Thursday, May 18, 2006

Might I Offer a Square of Double-Stick Tape?

I love summer. I hate Winter, and the cold parts of both Spring and Fall (and if there's a cool morning during Summer? HATE.), so I'm pretty much left with just Summer. I love everything about it: the bugs, the humidity, the sweaty hair. I like people in less clothes, kids playing in the street, ice cream, grill-smoke, loud movies.

But oh how I am dreading the smack-smack-smack of your flip-flops. Some guy just walked past me in the grocery store, and it sounded like he was playing with a paddle-ball. I heard him until he was at least ten aisles away. Honestly fella, I don't need to know where you are every second of the day.

Just wanted to get that off my chest.

Tuesday, May 16, 2006

Man, too bad he can't vote at the Emmys. Oh, and ladies? He's single.

So, I have this friend. When I say things like "this friend" what I usually mean is that I have a friend of a friend or that you know, he's not my friend.

He's always complaining about movies and television shows that represent things that could happen in real life. He thinks they exploit the tragedies that real people go through. I'm not talking about biographies or reality TV. It's drama. He doesn't think it's fair, for example, to depict war in a movie, since war is real and actual people die in a war, and don't go back to their trailer after being fake shot. He extends this philosophy to the furthest reaches of drama though, by spouting off against things like car chases, fist-fights, divorce and abuse. All of these things are things that are done by real people, so it's offensive to use them for entertainment purposes.

And I'm a fiction guy. Fake it up kids. Load the squibs, fire the blanks, get the stunt drivers, stuff the bras, whatever it takes. Suspension of disbelief is my bread and butter. I mean, come on, how much money have I spent on Bruce Willis over the years?

And if you're wondering, What's he do all day, just sit around and watch Cops? The answer is yes.
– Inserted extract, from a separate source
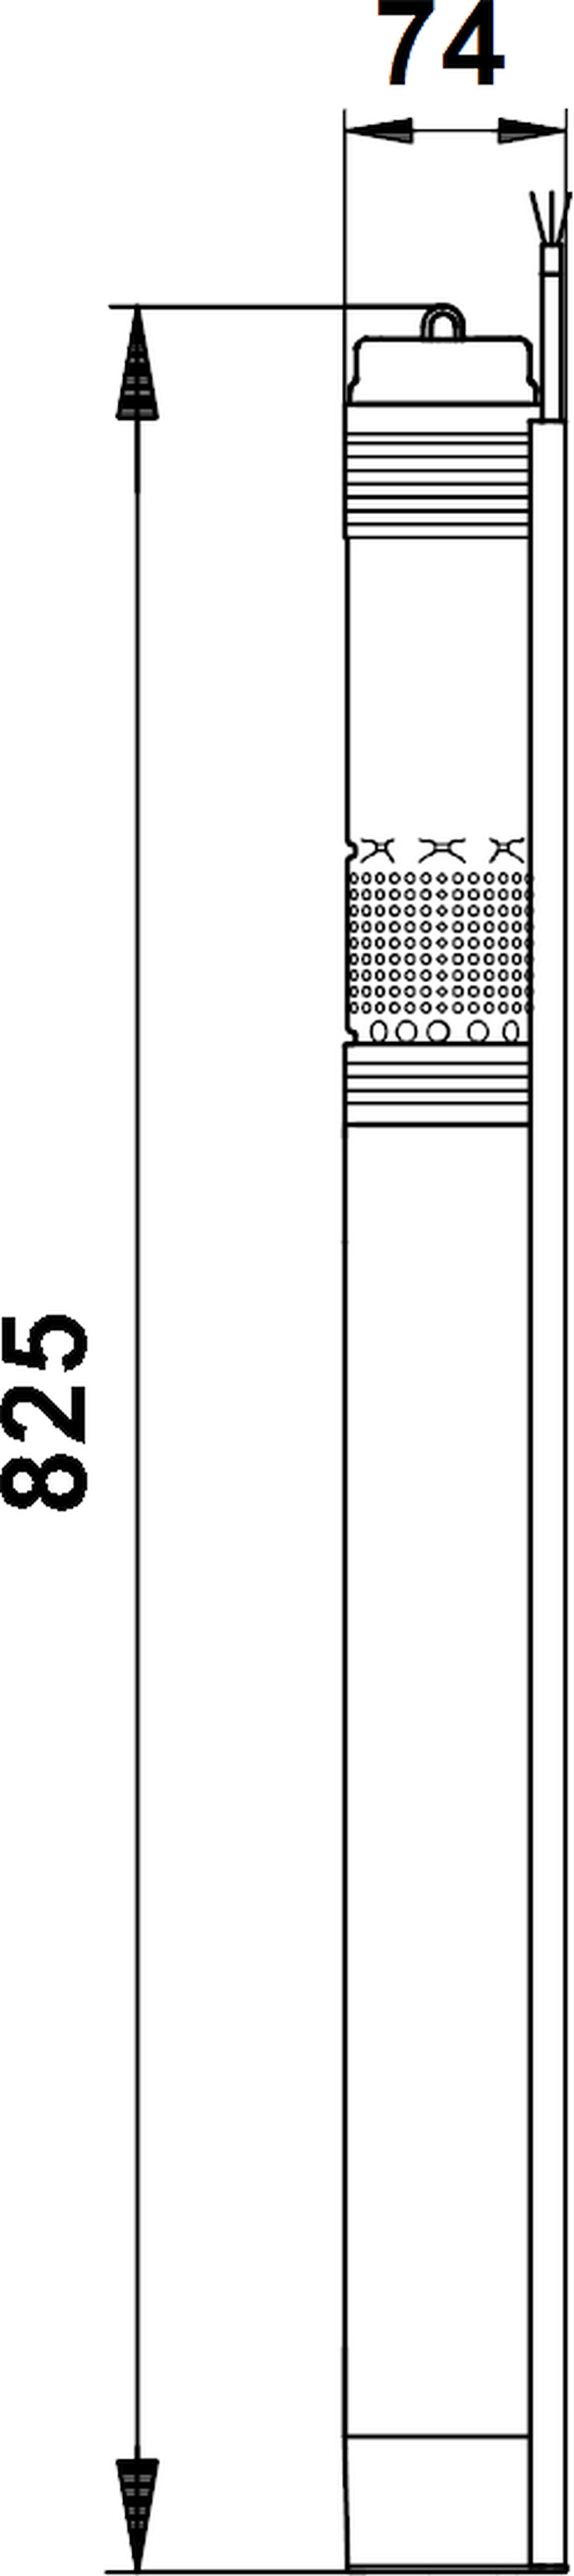 Grundfos SQ 1-80 (96510191) Габаритные размеры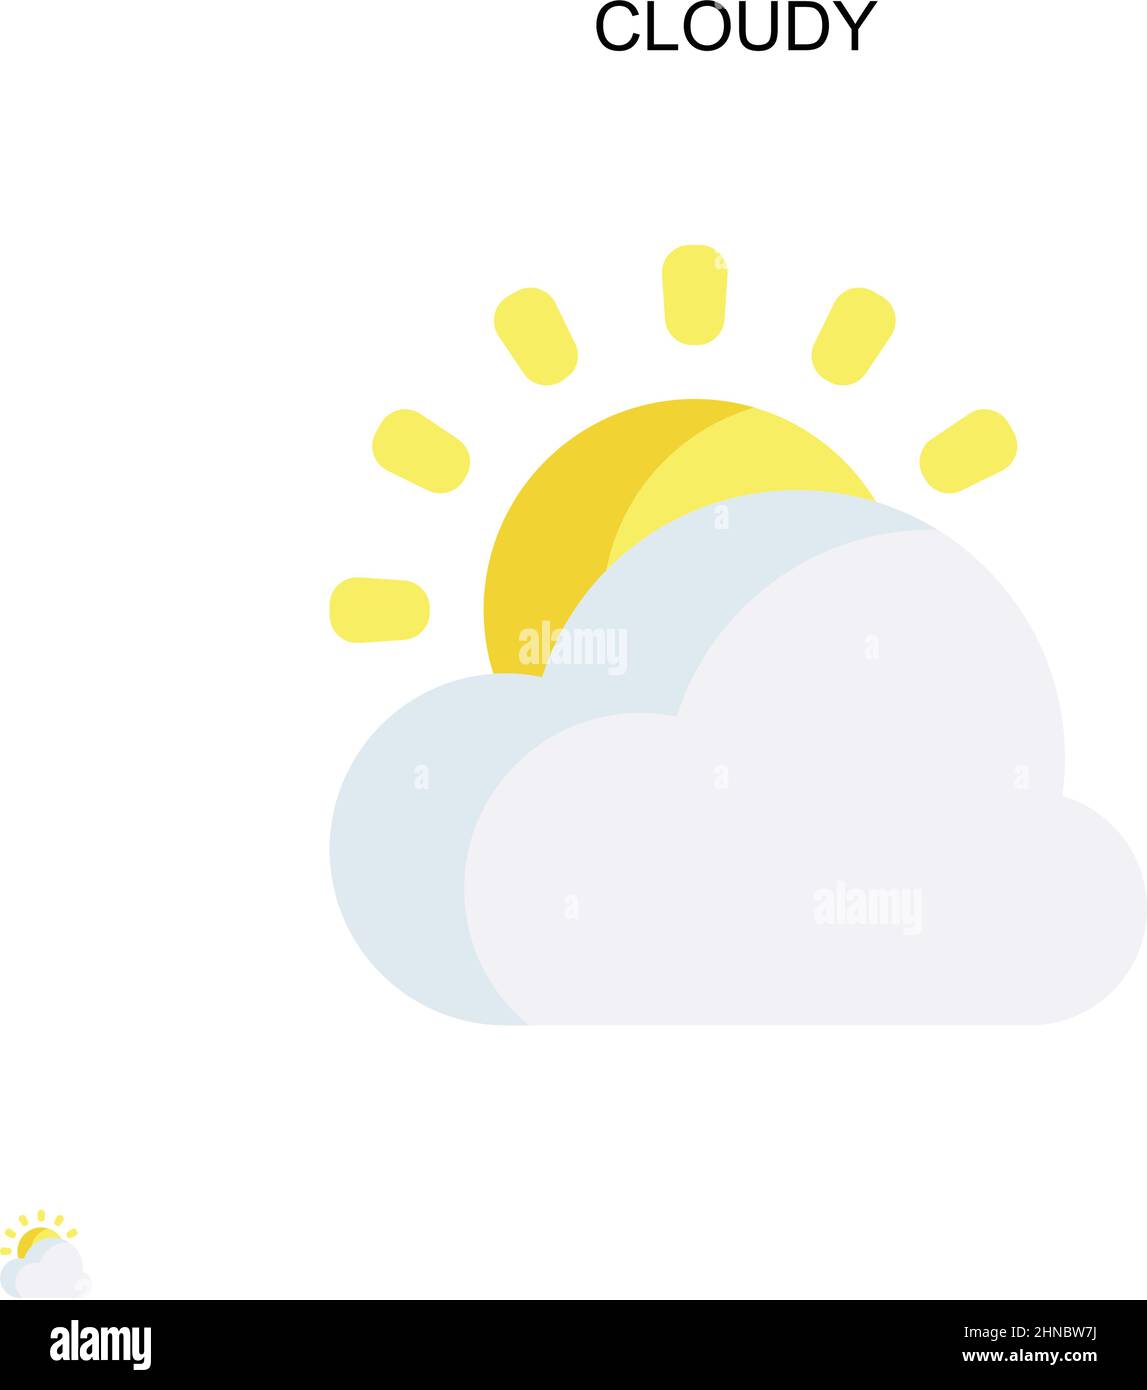 Icona del vettore Cloudy Simple. Modello di disegno del simbolo di illustrazione per l'elemento dell'interfaccia utente mobile Web. Illustrazione Vettoriale

And so this guy asks me why there aren't any good shows on anymore. I tried to think of what I consider good that he wouldn't shoot down. Something tells me that The Office (real people have boring jobs!) and The Sopranos (the mafia is full of bad people! Who kill! And eat pasta!)would not fly. So, I suggested Veronica Mars. Surely Nancy Drew does Twin Peaks would appeal to anyone. I thought maybe the high school setting would distract him from the more grown-up themes, and by the time he was sucked into the mystery, he'd forget that people were raping and comitting suicide and I dunno, spreading rumors or something other awful.

But he liked it. In fact, he watched the entire first season in just a few days. He said to me, "You know, I can't believe how much I liked that show."

"Yeah, it's pretty smart. It's better than people expect."

"And that girl is good."

"Yeah, she's pretty cool."

"No, I mean the real one. The actor. She does a good job."

"Yeah. I like her."

"I never saw a girl that I thought was a good actor before."

"Really?"

"Not one like that. One that's young and blond and skinny and cute. She had a good way of saying her words. I don't know what it's called. She's not just memorizing her words."

"No. She's a good actor."

"What's that called though?"

"Her...delivery?"

"Yeah. She's got good delivery. Small tits though."

Maybe I should have gone with Murder She Wrote. That Angela Lansbury is stacked.